In the sixteenth century, colonists from the Old World brought wheat to the New World: The Spanish introduced it to Argentina, Chile, and California where the cereal flourished in climates and soils that closely resembled the lands where it already had been grown for thousands of years (Crosby 1986; Aschmann 1991: 33-5). The political and social dominance of European imperialists in these new lands and the long history of wheat farming in the Old World—where crop and weeds had adapted to a wide range of temperature, light, and rainfall conditions (Crosby 1986)—largely accounts for the fact that wheat is one of the world’s most significant crops today. Its domestication is a continuing process, with yearly genetic improvements of different strains through breeding and new gene-splicing techniques (Heyne and Smith 1967).


Botanical and archaeological evidence for wheat domestication constitutes one of the most comprehensive case studies in the origins of agriculture. Some of the issues discussed in this chapter remain unresolved. For many of the domesticated wheats, including the primitive first wheats (einkorn and emmer), the integration of botanical and archaeological evidence indicates where and approximately when people entered into the mutualistic relationship that domesticated both humans and their wheats. Less is understood about the origins of hexaploid wheats, largely because the results of archaeological investigations in central Asia have long been inaccessible to Western prehistorians.5 From botanical studies, however, we can (1) trace the wild ancestors of modern wheats, (2) suggest that isolated events led to the domestication of each species, and (3) reconstruct the environmental constraints within which the first farmers planted and reaped.

Yet, some debate still continues over the question of how wheat was domesticated.
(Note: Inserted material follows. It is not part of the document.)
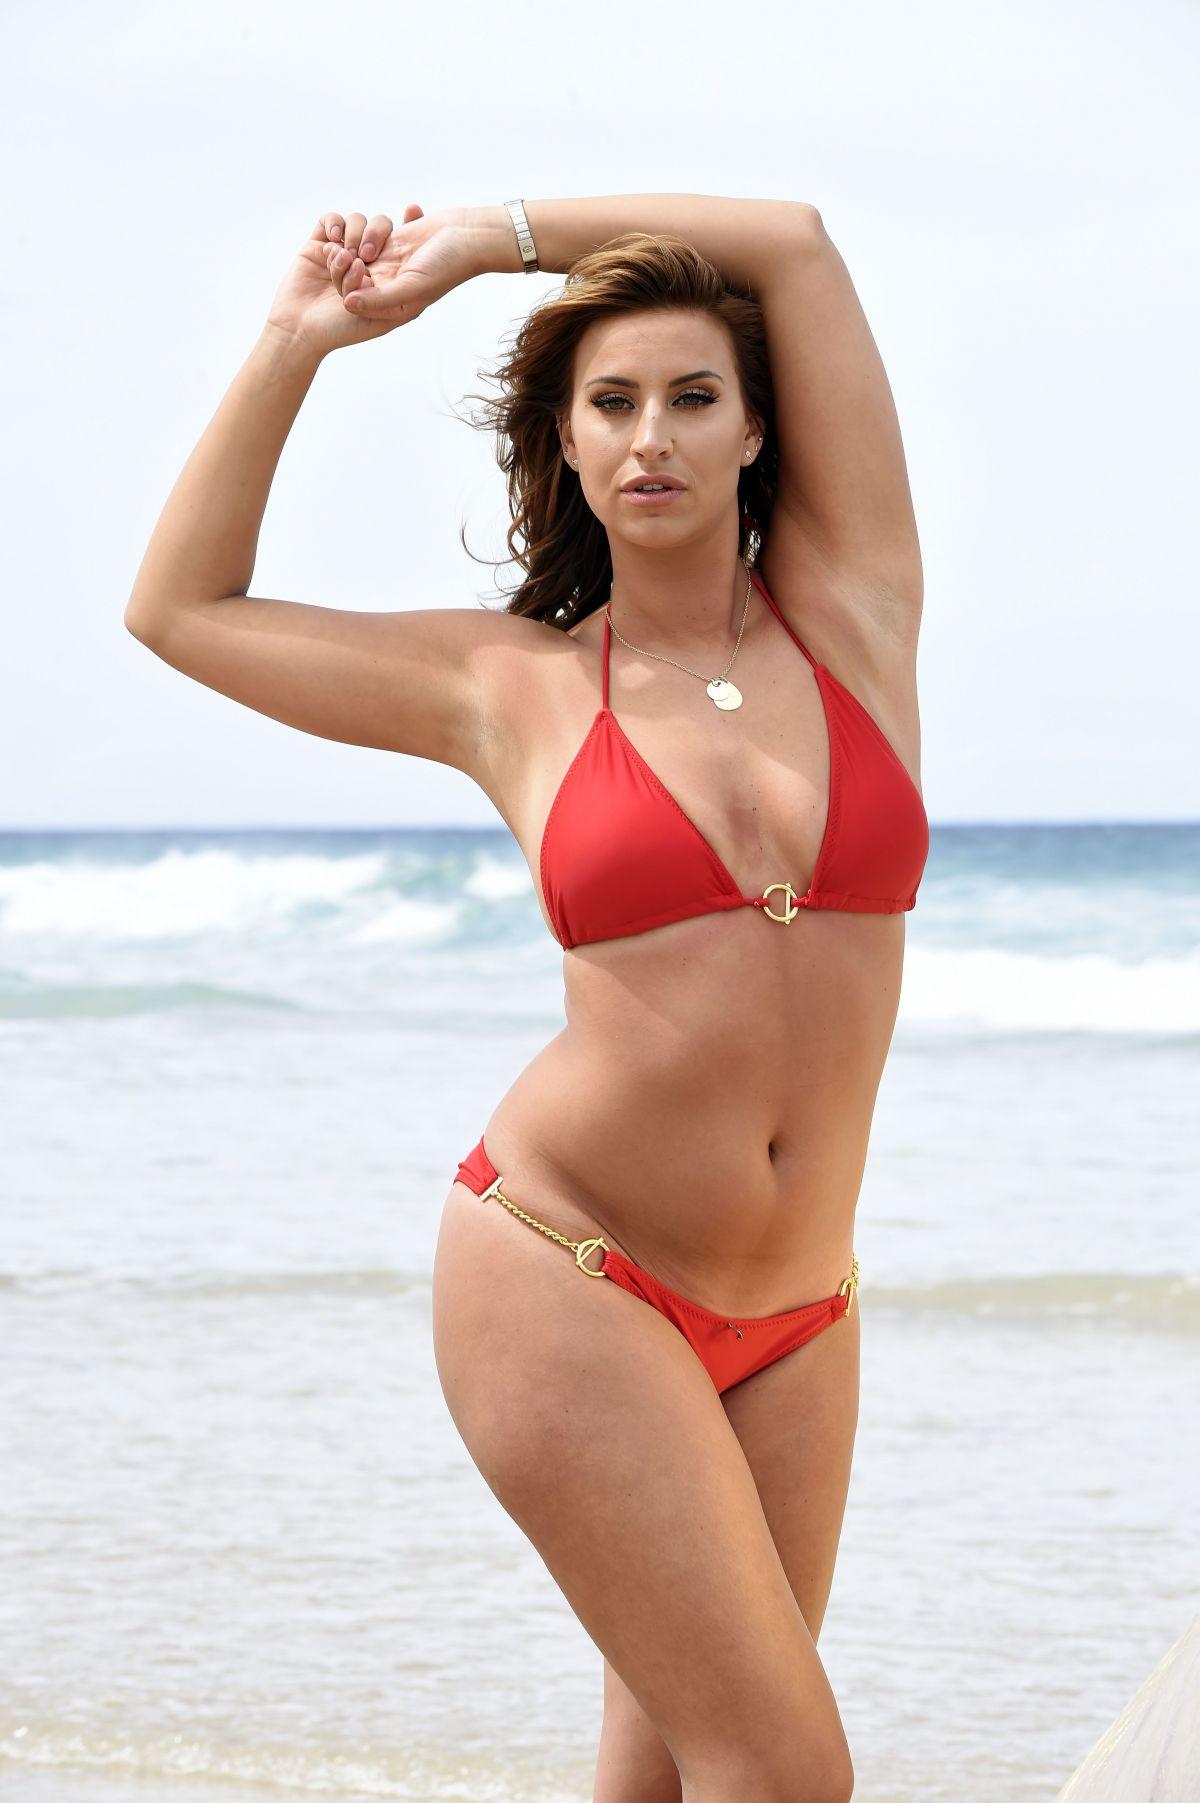 Girls bikini photo shoot images 790

Did people in many communities independently select easily harvested plants from weedy wild emmer growing on their dump heaps (Blumler and Byrne 1991)? Or did they, as most believe, deliberately harvest and sow fully wild wheats and in the process domesticate them (Unger-Hamilton 1989; Hillman and Davies 1990; Anderson-Gerfaud, Deraprahamian, and Willcox 1991: 217)? Related questions, of course, follow: Did this latter process happen once or often, and did the first true farmers move these wild plants to seasonally flooded or supplementally watered soils as part of the domestication process?

Scholars also continue to discuss why people began to domesticate wheat in the first place some 10,000 years ago as part of the larger question of the origins of agriculture. Although most agree that many factors were involved in the Near East and that they converged at the end of the Pleistocene, there is no agreement about which factor or combination of factors was most important (for example, Graber 1992; Hole and McCorriston 1992). But because there are no written Neolithic versions of the original crop plants (compare Hodder 1990: 20-1), it is up to us—at the interdisciplinary junction of archaeology and botany—to continue to reconstruct this evolutionary and cultural process in human history.